Этта бросилась на четвереньки, от чего в глазах потемнело чуть не до обморока, и съежилась за кроватью.

–… надо достать…

–… попробуй ему это скажи…

Голоса стихли так же быстро, как и налетели, но легкий шум в ушах остался — Этта не сразу поняла, что снизу доносились искаженные обрывки музыки. Послышался звон бокалов и громкие голоса, вскипевшие пеной, словно шампанское.

— Поднимем бокалы!

— Тост!

Страх смел остатки замешательства.

«Кажется, мистер Айронвуд, удача еще не окончательно вас покинула».

И Николас, и София предупреждали ее, что у Сайруса Айронвуда полно стражей, стерегущих каждый проход. Она не узнала говорившего, но это было не важно — одного слова, одного этого имени было достаточно, чтобы понять: дела плохи.

Но и эту мысль поглотил другой страх.

Где Николас?

От тех последних мгновений в гробнице память сохранила только обрывки. Этта помнила боль, кровь, ужас на лице Николаса, а потом…

Как будто ее обвязали невидимой веревкой и со всей силы дернули сквозь завесу густой тьмы. Прижав к глазам кулаки, Этта узелок за узелком распутывала свои мысли.

Я осиротела — лишилась своего времени.

Моя временная шкала изменилась.

Мое будущее пропало.

Ее затопил страх, жгучий и удушливый. Все совпадало — все обрывки складывались в то, что ей рассказывали София и Николас. Время схватило ее и швырнуло сквозь череду проходов, выплюнув в последнюю общую точку для старой, знакомой ей временной шкалы, и новой, которую они невольно создали.

Потому что Терны завладели астролябией?

Этта знала: небрежность может изменить шкалу времени, но не настолько, чтобы осиротить путешественников. Для этого требуется намерение. Целеустремленность и продуманность. Просто забрать у нее астролябию, не дав уничтожить — мало. Должно быть, они использовали ее. Другого объяснения она придумать не могла. Терны пустили астролябию в ход и бесповоротно изменили — поломали — какие-то ключевые события истории.

И вот она здесь: с Айронвудами, без Николаса.

Перед глазами заплясали разноцветные вспышки, кровь запульсировала в ушах бешеным крещендо боли и отчаяния.

Мама.

Сейчас она не могла думать о ней. Айронвуд обещал убить Роуз, если Этта не вернется с астролябией в срок. Но… Она глубоко вдохнула. Зная — теперь зная — свою мать, Этта не могла не верить, или хотя бы надеяться, что Роуз жива, что она сбежала из плена Айронвудов.

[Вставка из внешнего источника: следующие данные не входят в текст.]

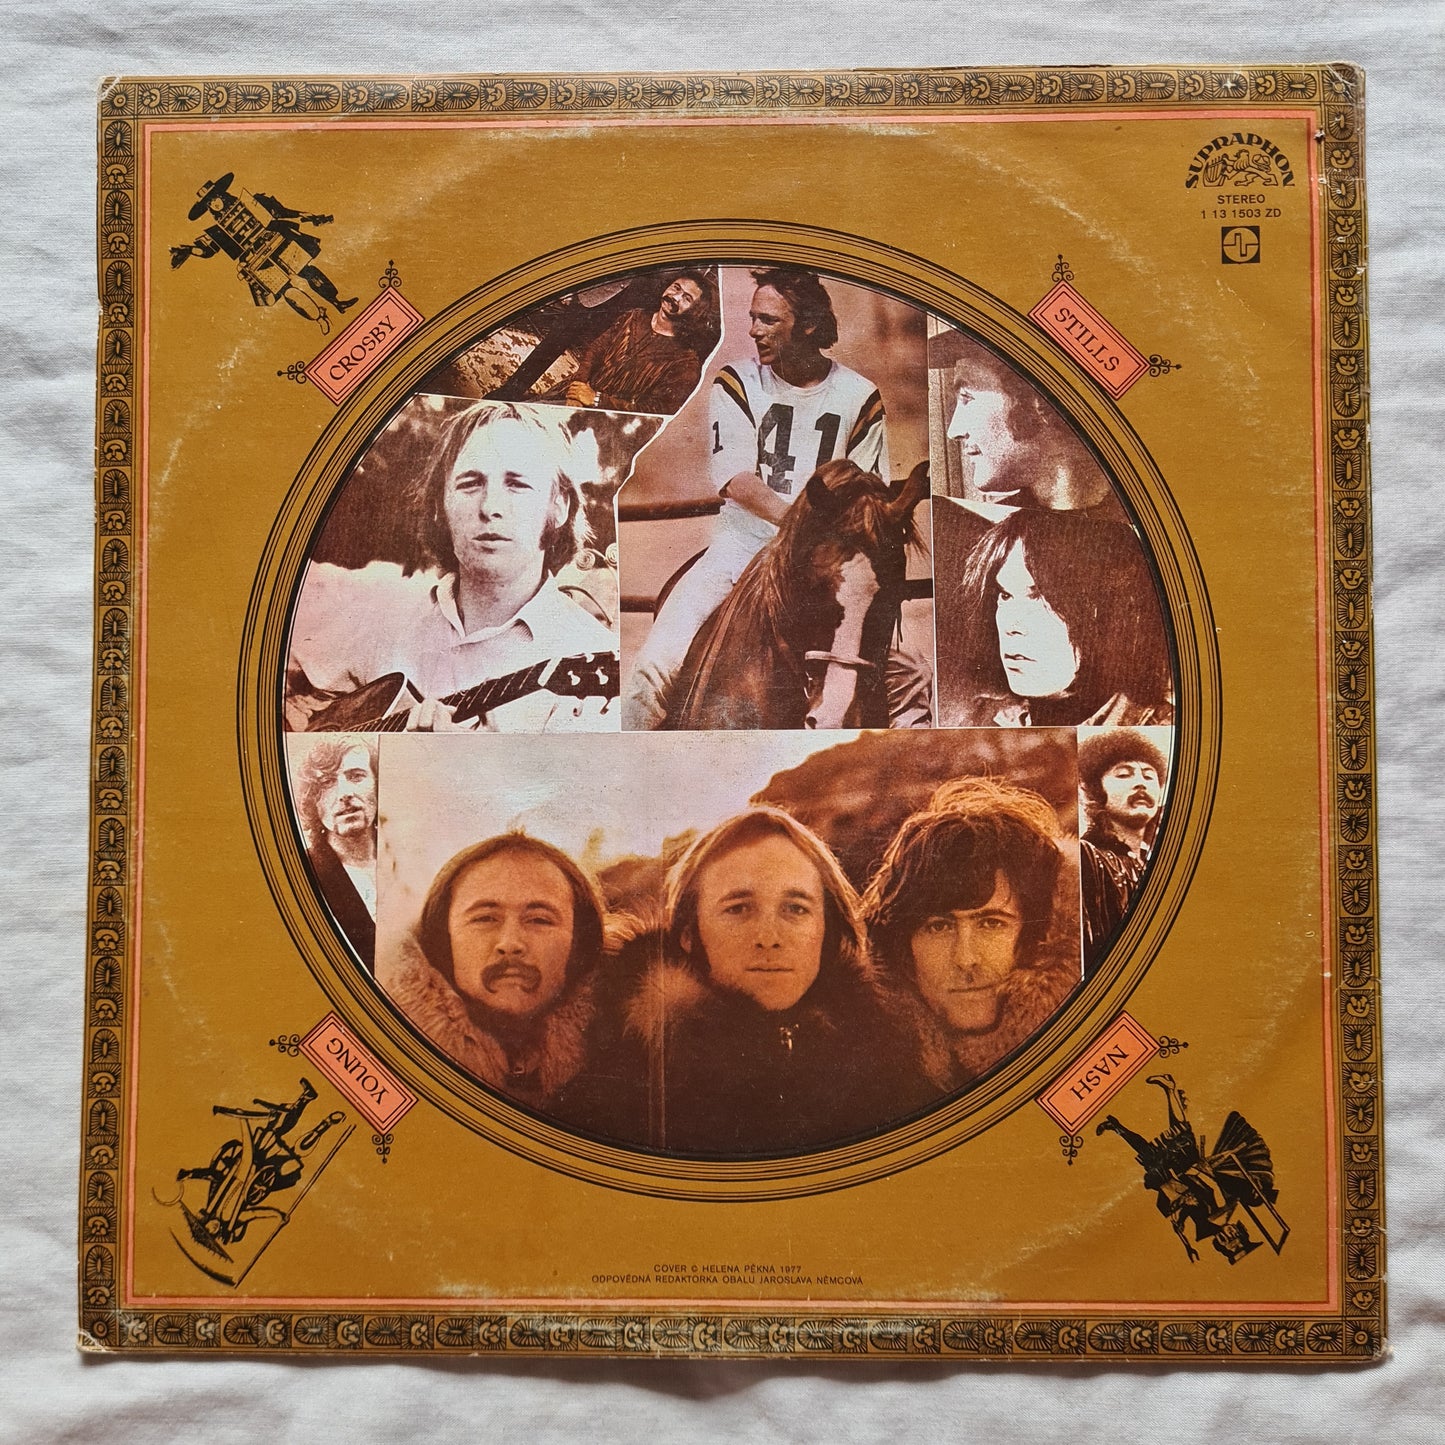 Crosby, Stills, Nash & Young – Deja Vu (alternate cover) - 1970 - Vinyl Record

Теперь ее очередь сделать то же самое.

Она заставила себя расслабить мышцы, сковавшие плечо, и начала дышать, как учила Элис, когда ее страх сцены был особенно разрушительным. Тревога и ужас — плохие помощники; Этта вдыхала и выдыхала, пока не вытеснила их из своего сознания, заменив изящным полетом нот. Музыка — тихая, спокойная — заполняла все тени в ее мыслях мягким светом. Воан Уильямс, «Взлетающий жаворонок». Ну конечно. Любимая пьеса Элис — Этта играла ее учительнице на день рождения, всего за несколько месяцев до… до концерта в Метрополитене. До того, как ее застрелили прямо перед проходом.

Хватит думать. Шевелись.

Стоило ей приподняться, как человек в кресле заворочался, с легким вздохом сменив позу. Книга едва не выскользнула из его рук. Этта не дала себе задуматься над странностью, что охранник расслабился до такой степени, чтобы разуться и свернуться калачиком с книжкой.

Это не имеет значения.

Перед ней в прямом смысле слова открылось окно возможностей, и нужно было им пользоваться, пока не поздно.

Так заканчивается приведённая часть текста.